Perilymph Fistula

Timothy C. Hain, MD   Return to Index. Please read our disclaimer. Search this site. Content last updated: 11/25/2000



Figure 1. Anatomy of the inner and middle ear. A fistula is an abnormal connection between the air-filled middle ear and the fluid filled inner ear. The two weakest points are membranes located at the stapes footplate (the "oval window"), #4 here, and just below, a small niche called the "round window".

There can also be fistulae at other points, but they require erosion of bone.

A dehiscence is similar to a fistula, but not as severe. Bone is missing over the top (superior) semicircular canal, uncovering a membrane. This dehiscence makes the ear more sensitive to pressure and noise.

 

A perilymph fistula, or PLF, is an abnormal opening in fluid filled inner ear.
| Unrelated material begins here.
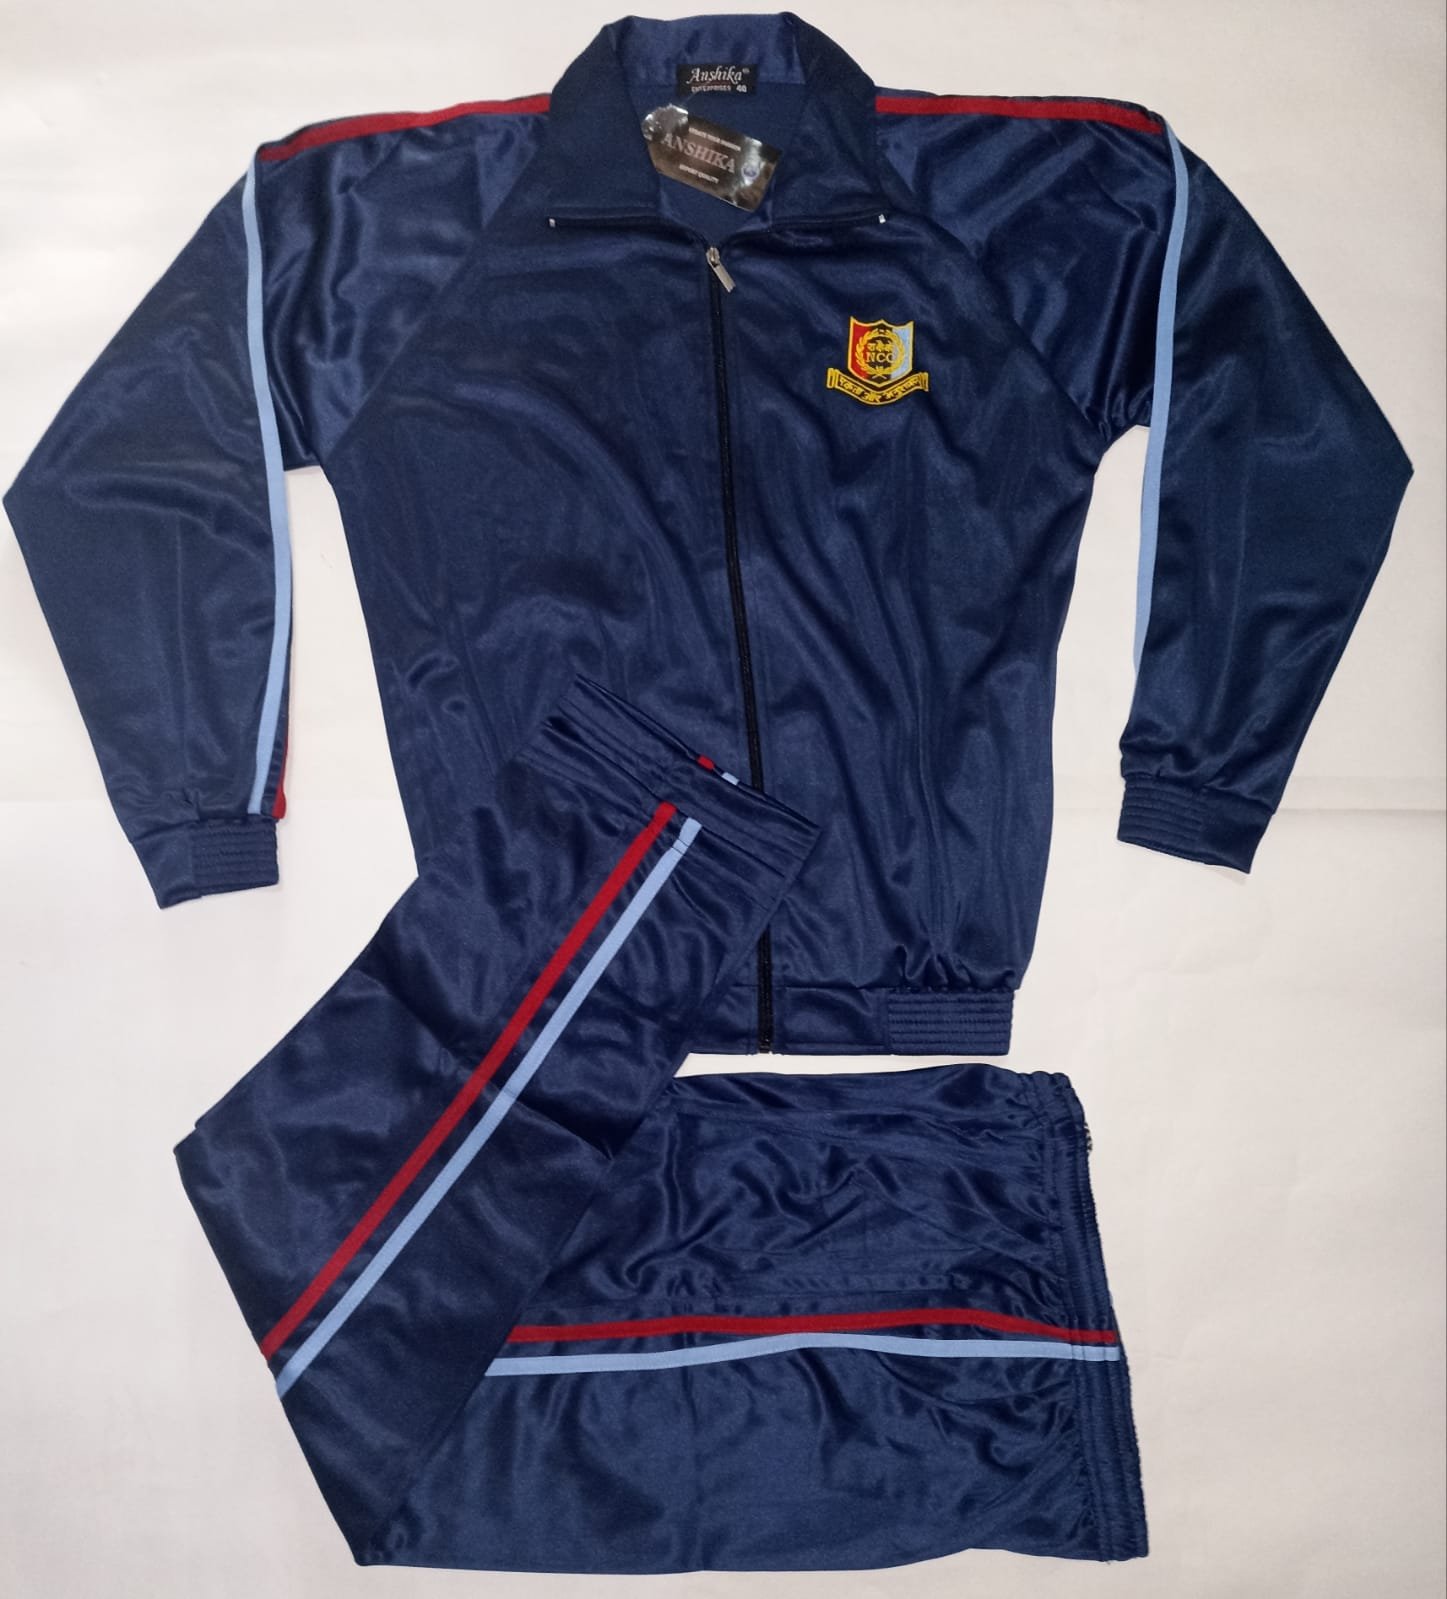 Buy NCC TRACKSUIT online from Barbareek Sports

There are several possible places that there can be an opening-- betwen the the air-filled middle ear/mastoid sinus, into the intracranial cavity, or into other spaces in the temporal bone. In most instances it is a tear or defect in one or both of the small, thin membranes between the middle and inner ears. These membranes are called the oval window and the round window.
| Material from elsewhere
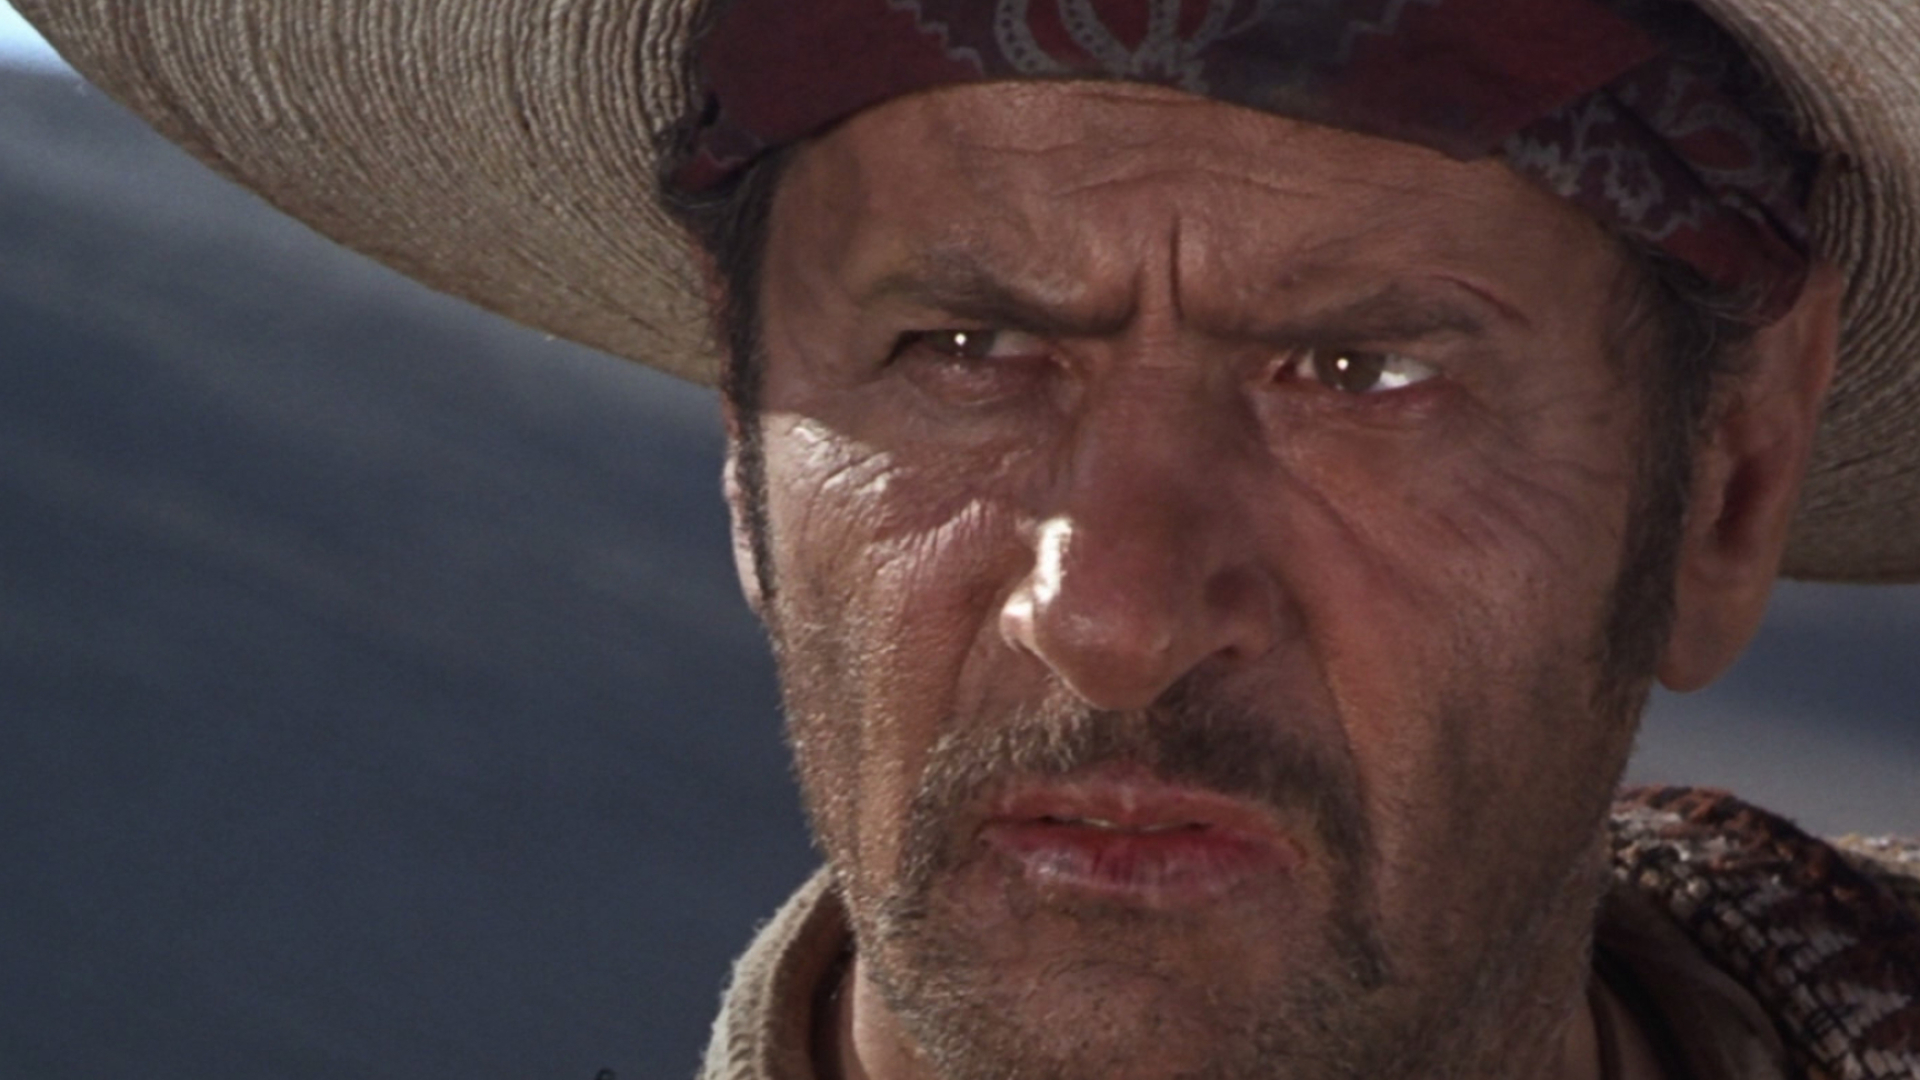 The Good, The Bad And The Ugly, Western movie, Sergio Leone masterpiece, Clint Eastwood, 1920x1080 Full HD Desktop

Types of Fistulae Figure 2. Round window fistula. An opening in the round window allows perilymph to leak out into the middle ear. In this artist's depiction, for clarity, bone is not shown between the middle and inner ears. While it is difficult to be sure, it seems likely that in most cases there is only a small oozing of fluid between the perilymphatic space and the air-filled middle ear.

 

Another possible location for an abnormal communication is in the bone of the ear (the otic capsule). An example of this would be the so-called "superior canal dehiscence" syndrome (Minor et al, 1998; Minor 2000), and the situation after a surgery is done called "fenestration" (previously done for otosclerosis, this procedure is no longer used). This is a less severe situation than the oval or round window fistuale, as fluid is generally not in direct communication with an air-filled cavity, but a membrane is present which maintains a seal. In the first case, the roof of the superior canal is missing. In the second, there is an opening between the lateral semicircular canal and an artifically created cavity in the mastoid sinus area. In either of these conditions pressure in the ear or loud noises which can cause strong vertigo and jumping of the eyes (nystagmus). Fistulae can also occur as a late complication of mastoid surgery using the canal wall down technique. In this instance, the fistula is caused by repeated infections in the opened mastoid. (Hakuba et al, 2002)

In years gone by, a condition called "cholesteatoma" was a common cause of this problem also, but this condition is now encountered only rarely becasuse of improved antibiotic treatments. It is possible that there are occasionally fistulae associated with tiny cracks in the bone between the middle and inner ear.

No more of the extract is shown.